* TASK: Would you retype the listing word for word, skipping its pictures?

* AVAILABLE DATA:
* * *
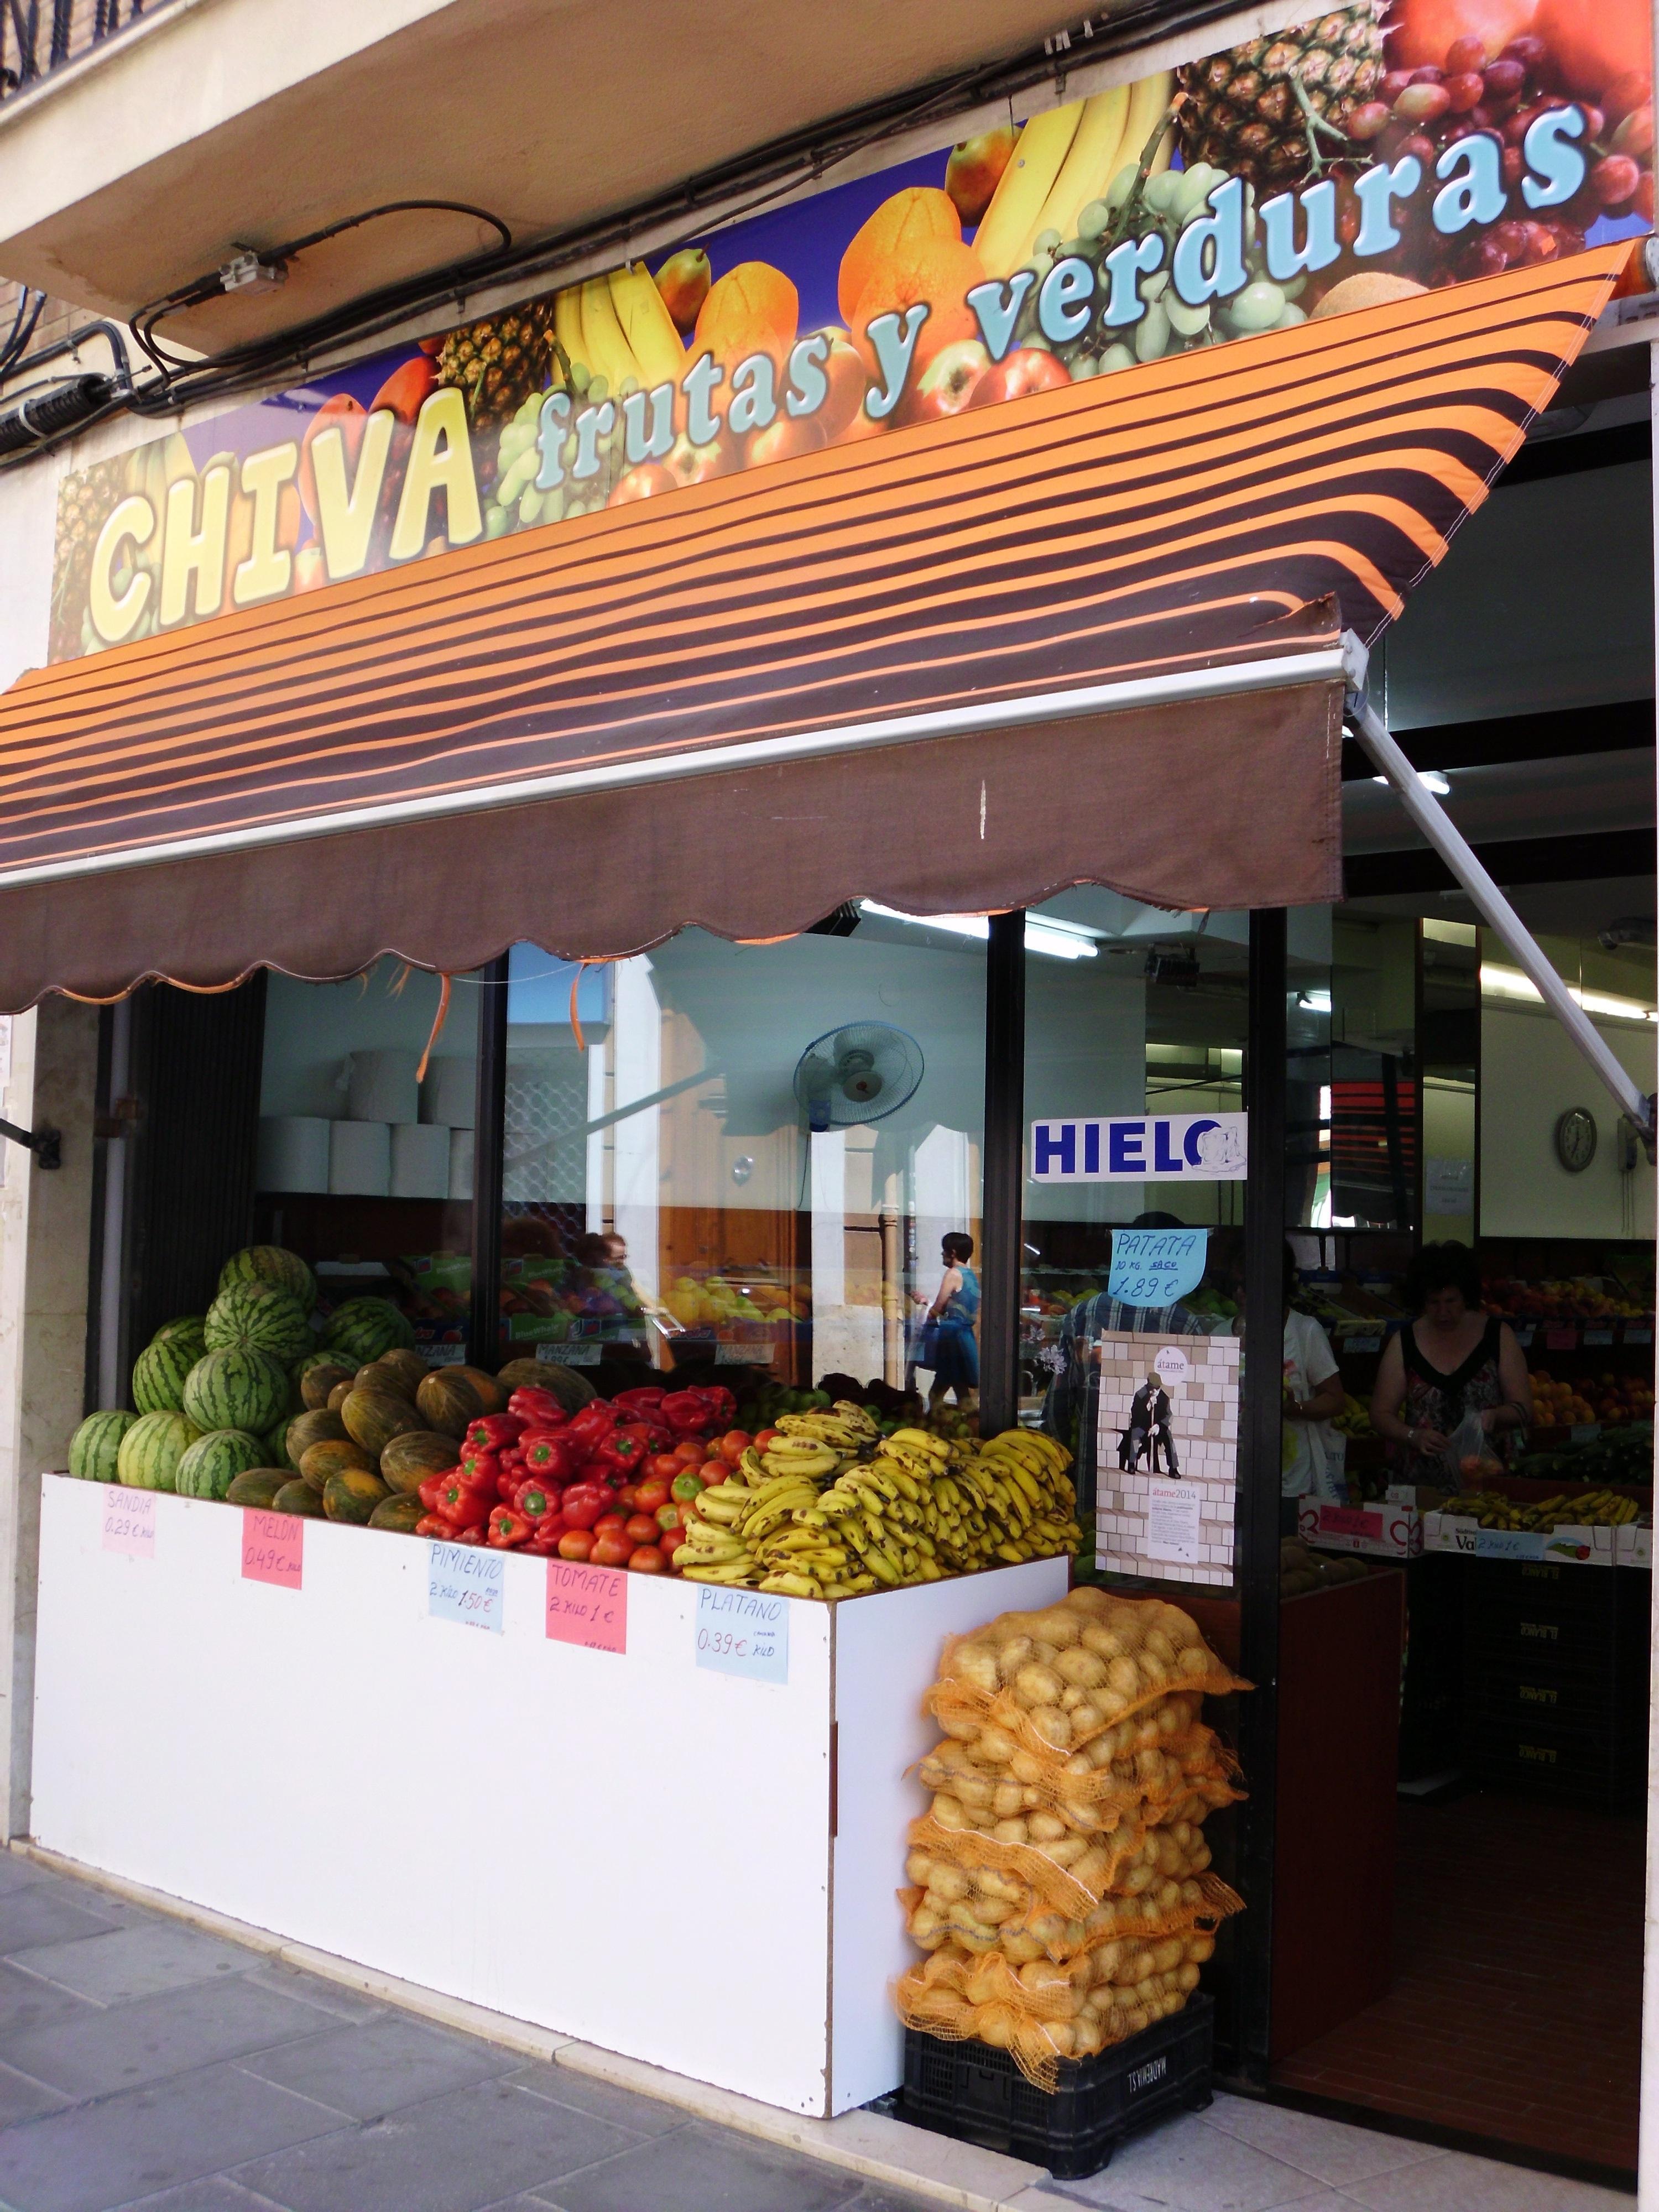 FRUTAS CHIVA
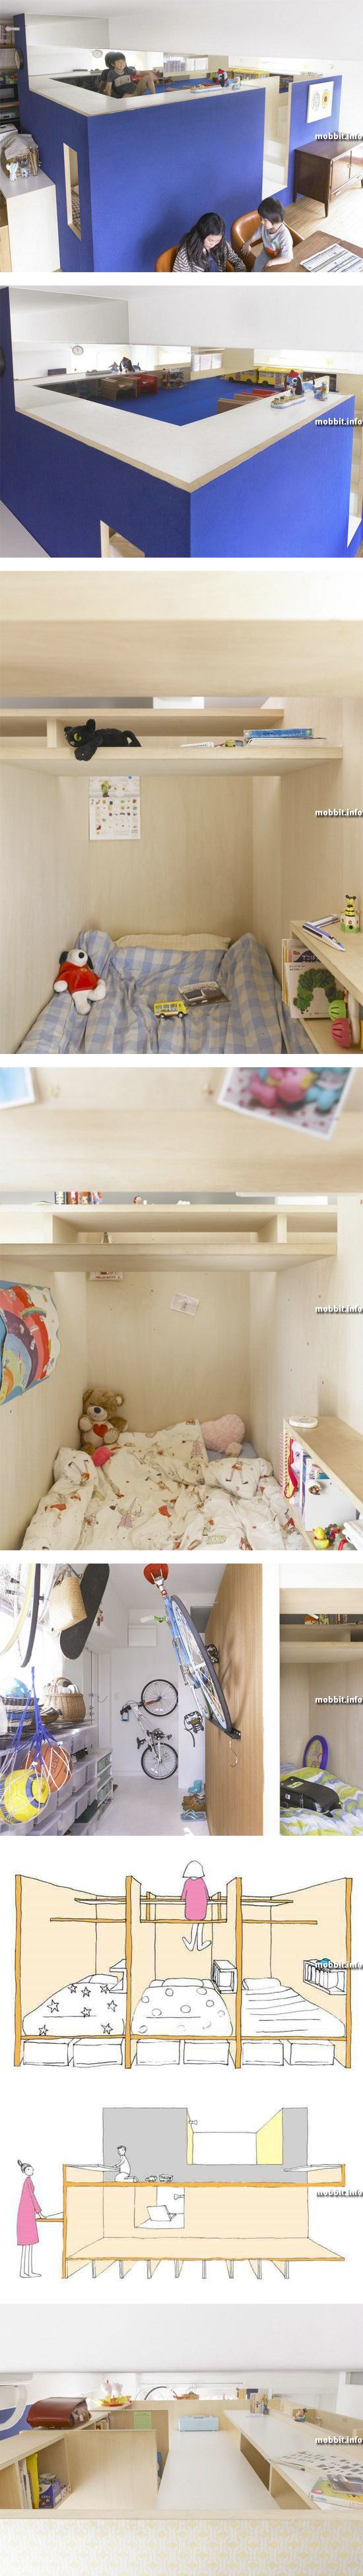 Крошечная двухуровневая квартира
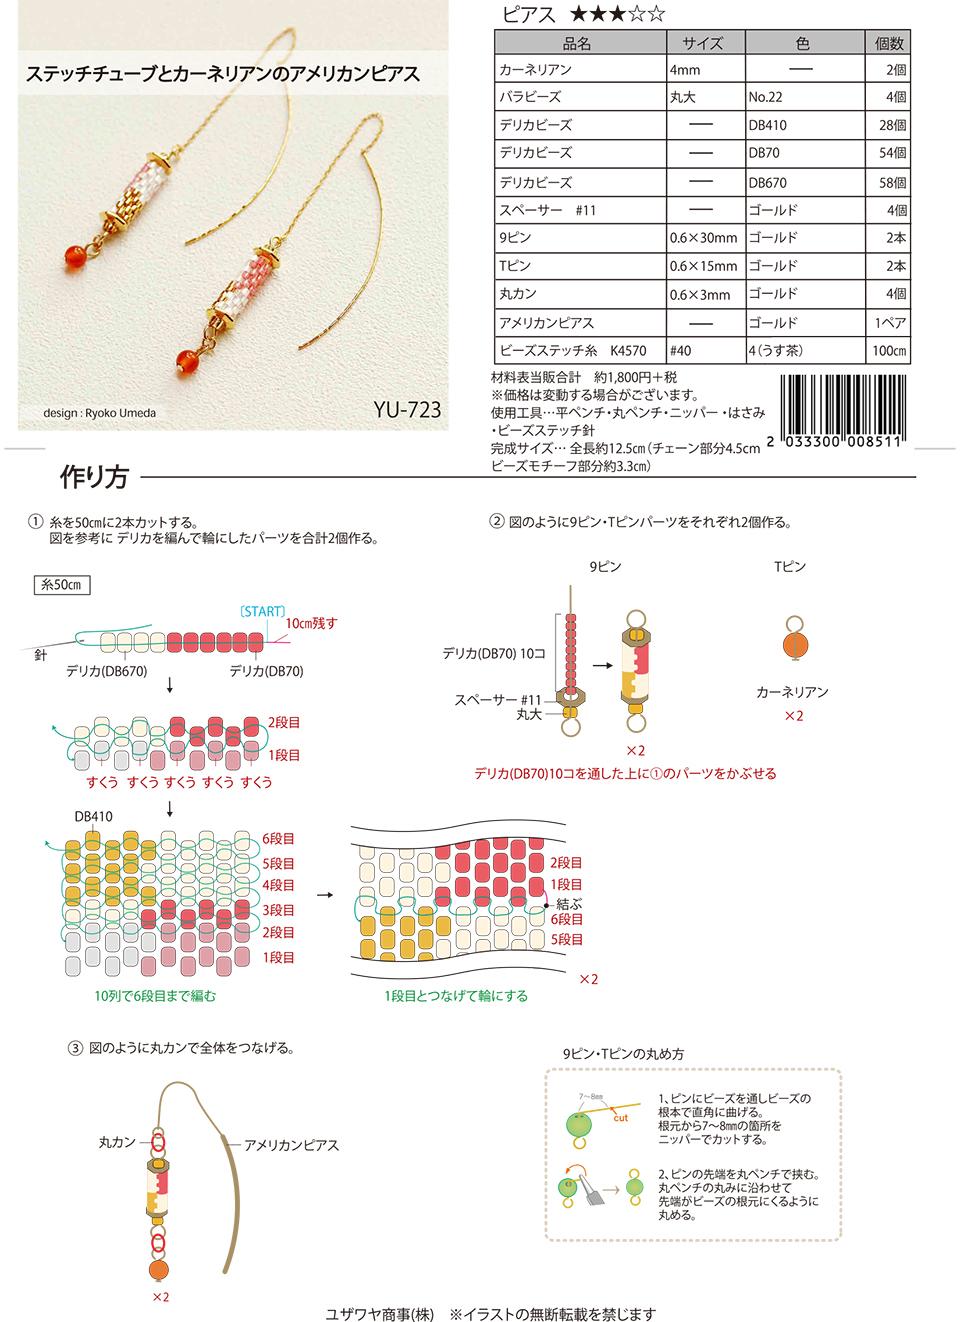 YU-723ステッチチューブとカーネリアンのアメリカンピアス_1.jpg
* * *
* ANSWER BOX:
 FRUTAS CHIVA
 Крошечная двухуровневая квартира
 YU-723ステッチチューブとカーネリアンのアメリカンピアス_1.jpg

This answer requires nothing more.